• _ASSIGNMENT_:
None of the images should appear in your copy. Transcribe the data in full.

• _GIVEN DATA_:
= = = = =
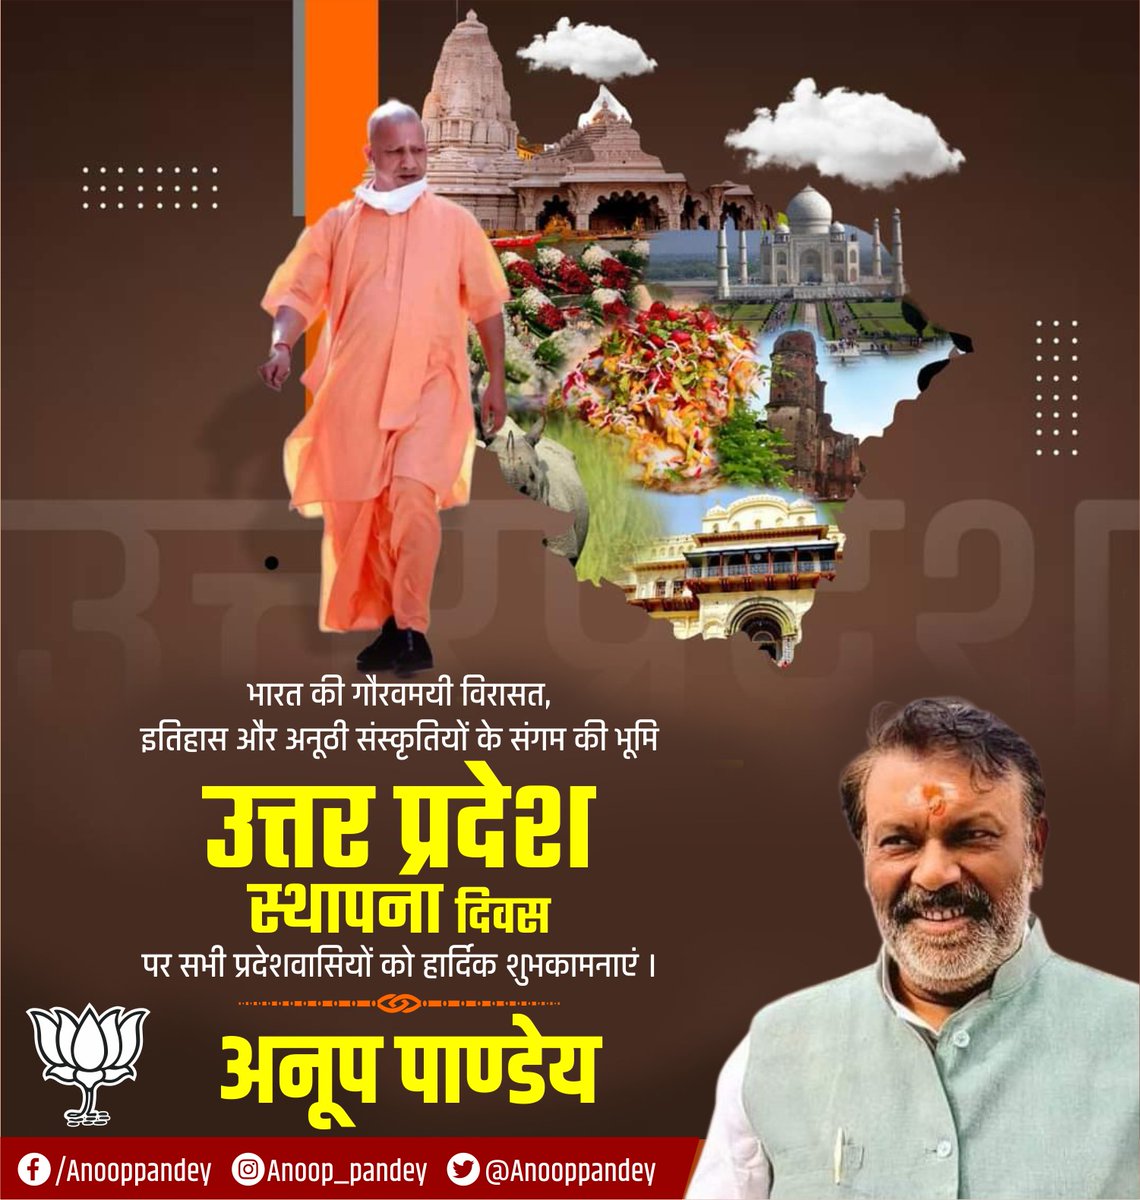 भारत की गौरवमयी विरासत,इतिहास और अनूठी संस्कृतियों के संगम की भूमि उत्तर प्रदेश स्थापना दिवस पर सभी प्रदेश वासियों को हार्दिक शुभकामनाएं ।

#UttarPradeshSthapnaDivas2024 #UPFoundationDay #RisingNewUP
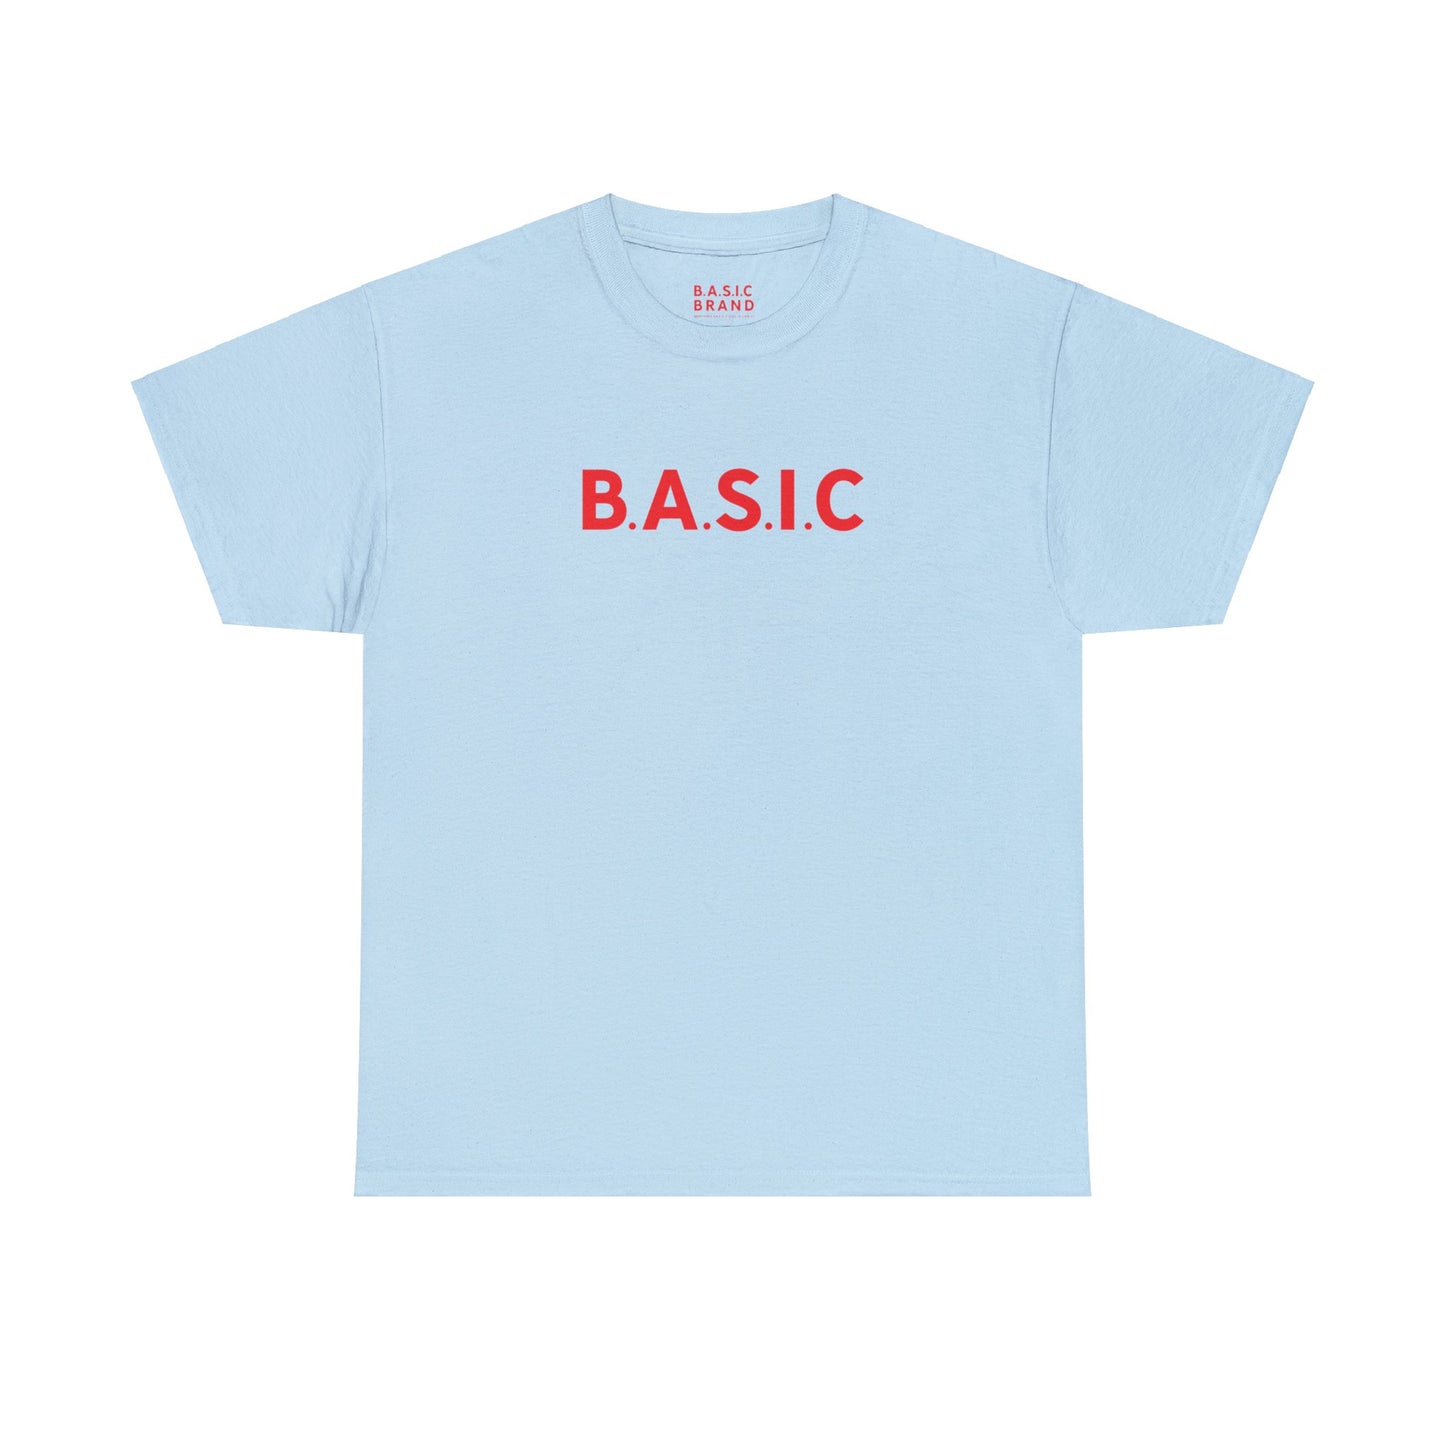 Men's B.A.S.I.C "Medium Sized Logo" Red Font Tee Shirt
= = = = =
• _THE ANSWER_:
 भारत की गौरवमयी विरासत,इतिहास और अनूठी संस्कृतियों के संगम की भूमि उत्तर प्रदेश स्थापना दिवस पर सभी प्रदेश वासियों को हार्दिक शुभकामनाएं ।

#UttarPradeshSthapnaDivas2024 #UPFoundationDay #RisingNewUP
 Men's B.A.S.I.C "Medium Sized Logo" Red Font Tee Shirt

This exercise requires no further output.